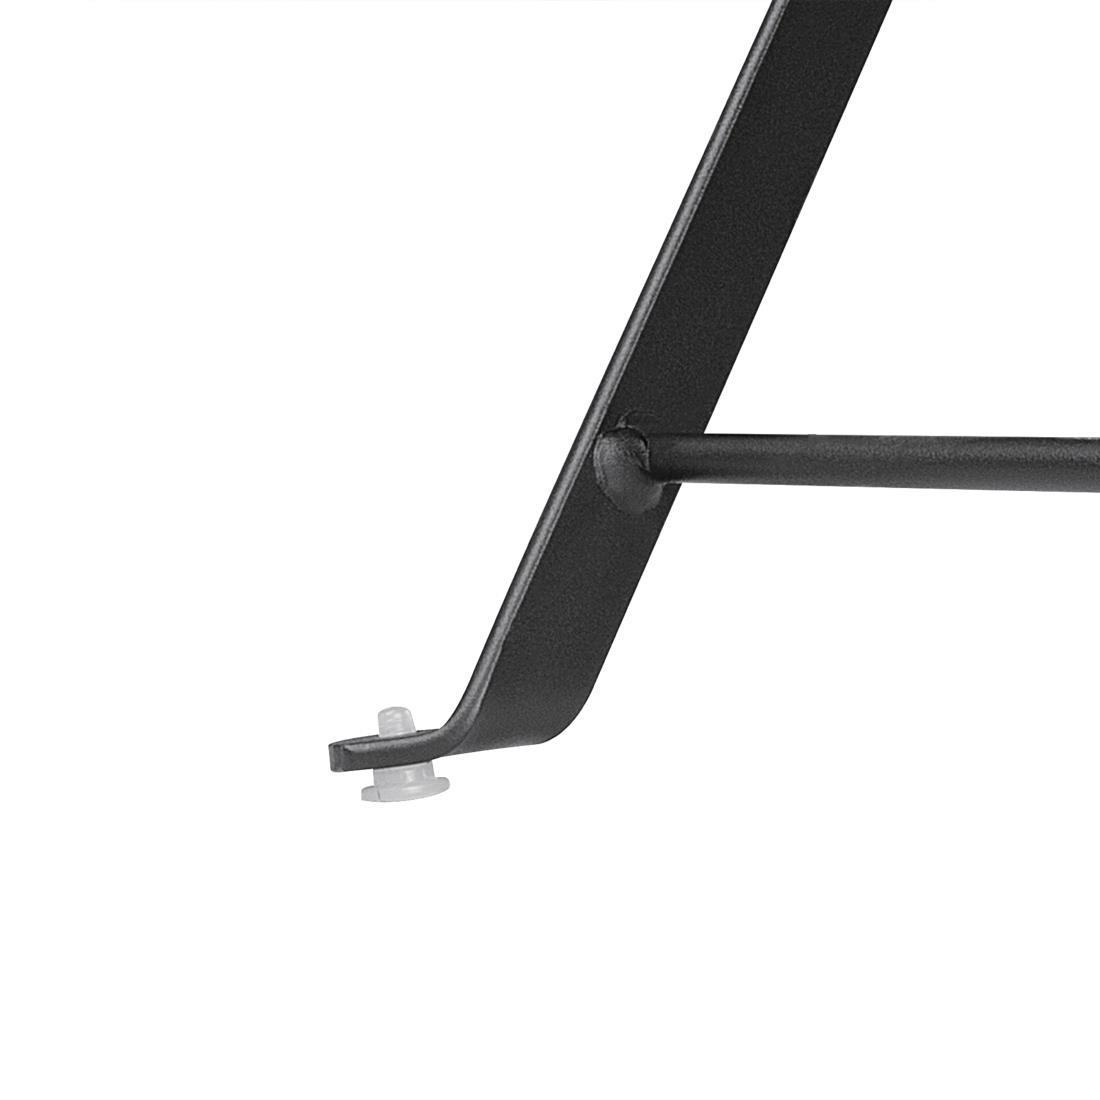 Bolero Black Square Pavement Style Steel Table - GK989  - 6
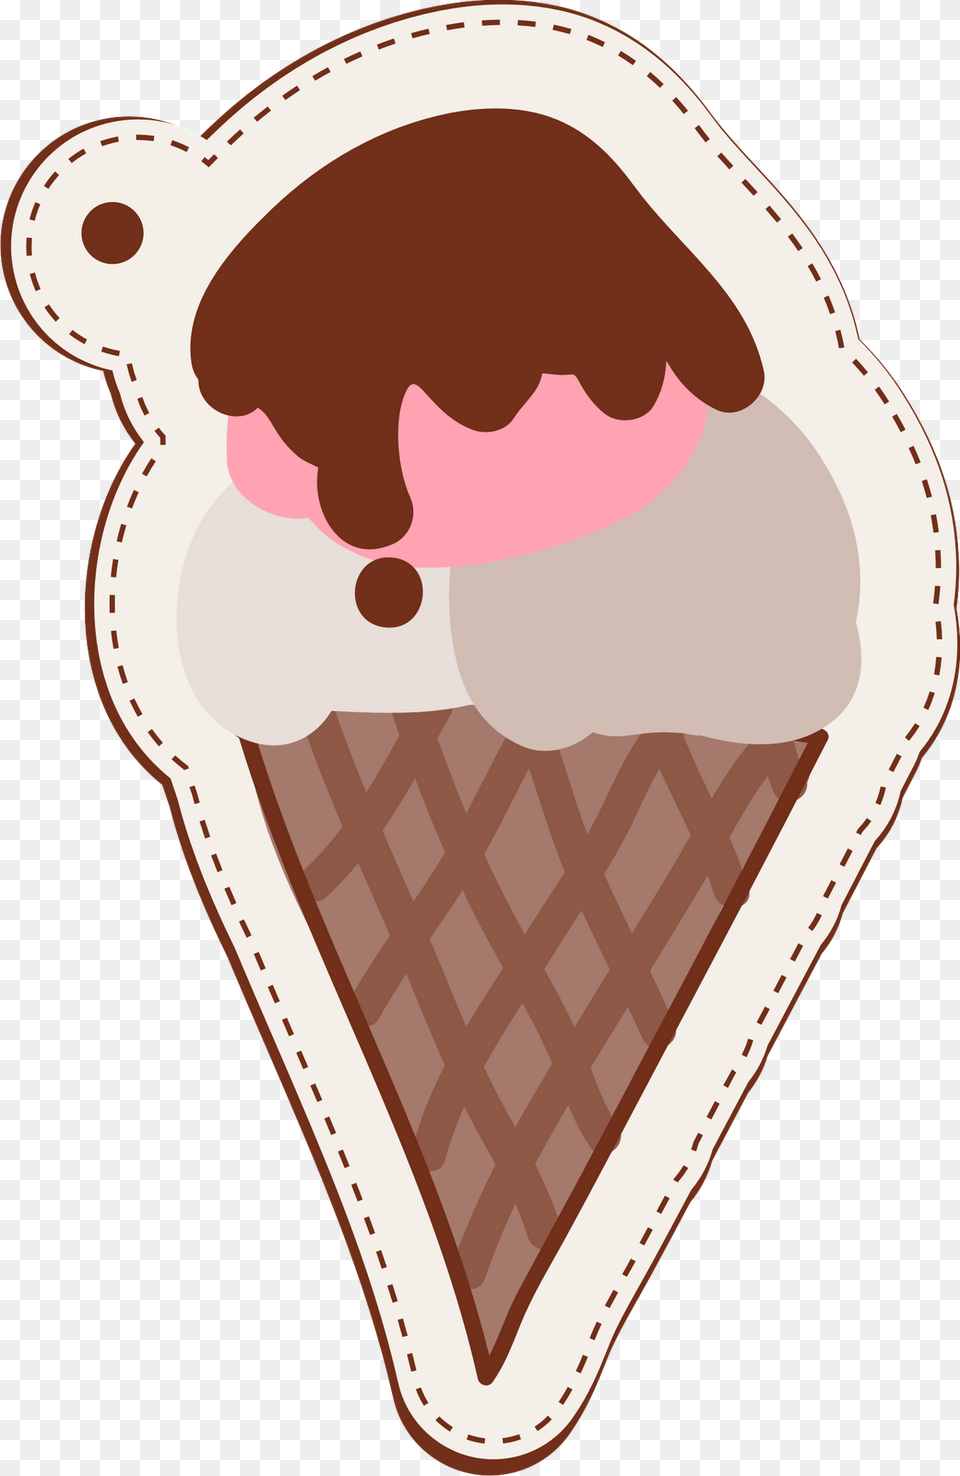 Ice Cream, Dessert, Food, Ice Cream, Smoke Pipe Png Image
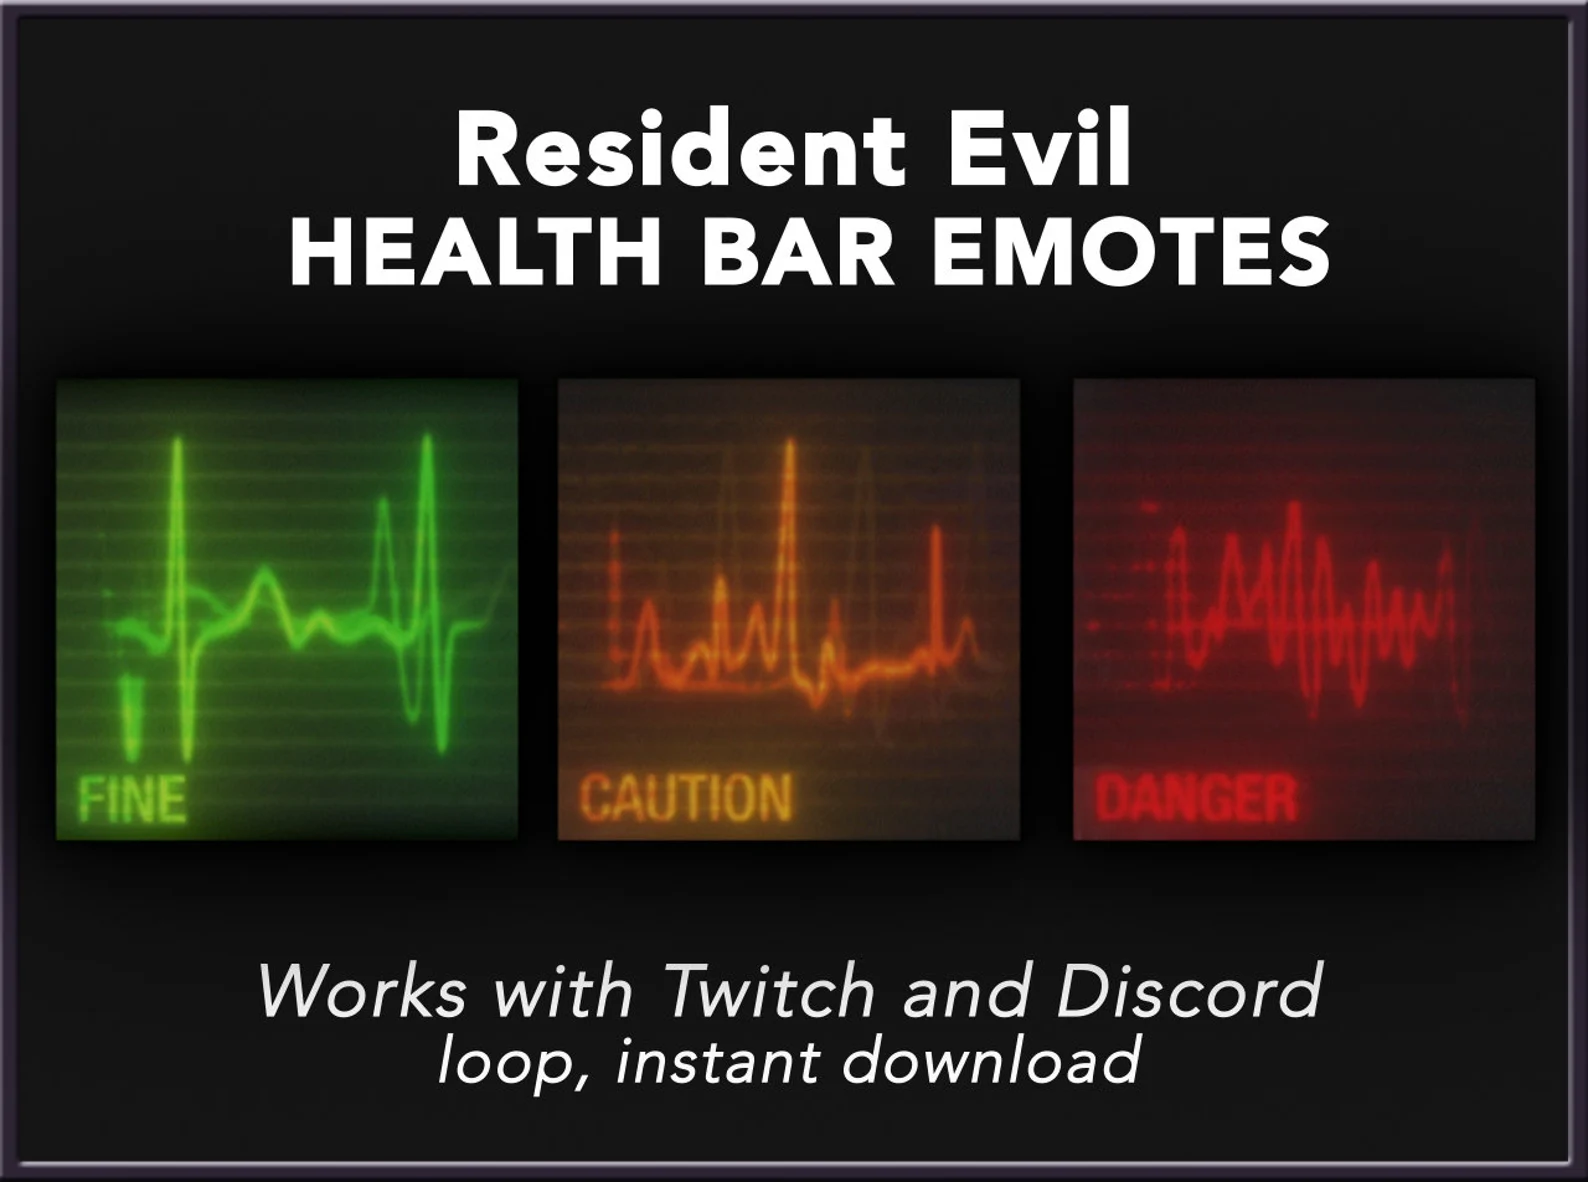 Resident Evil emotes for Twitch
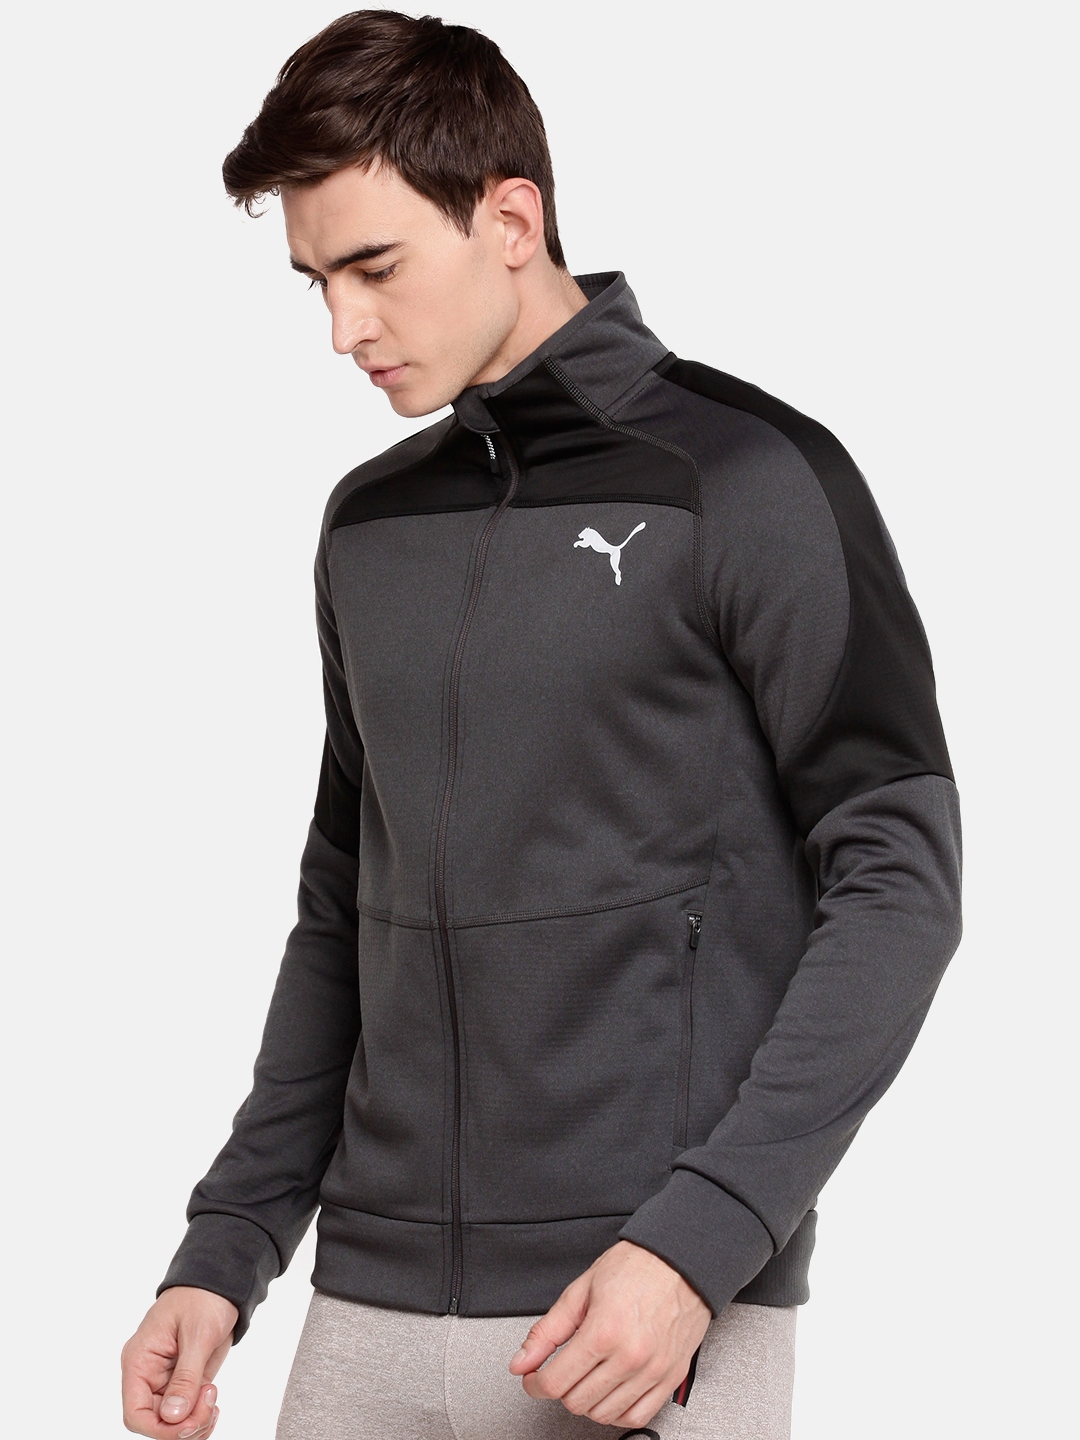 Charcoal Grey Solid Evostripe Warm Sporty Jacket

DESCRIPTION OF THE TASK –
Transcribe all the material exactly; skip every image.

TASK RESULT –
 Bolero Black Square Pavement Style Steel Table - GK989  - 6
 Ice Cream, Dessert, Food, Ice Cream, Smoke Pipe Png Image
 Resident Evil emotes for Twitch
 Charcoal Grey Solid Evostripe Warm Sporty Jacket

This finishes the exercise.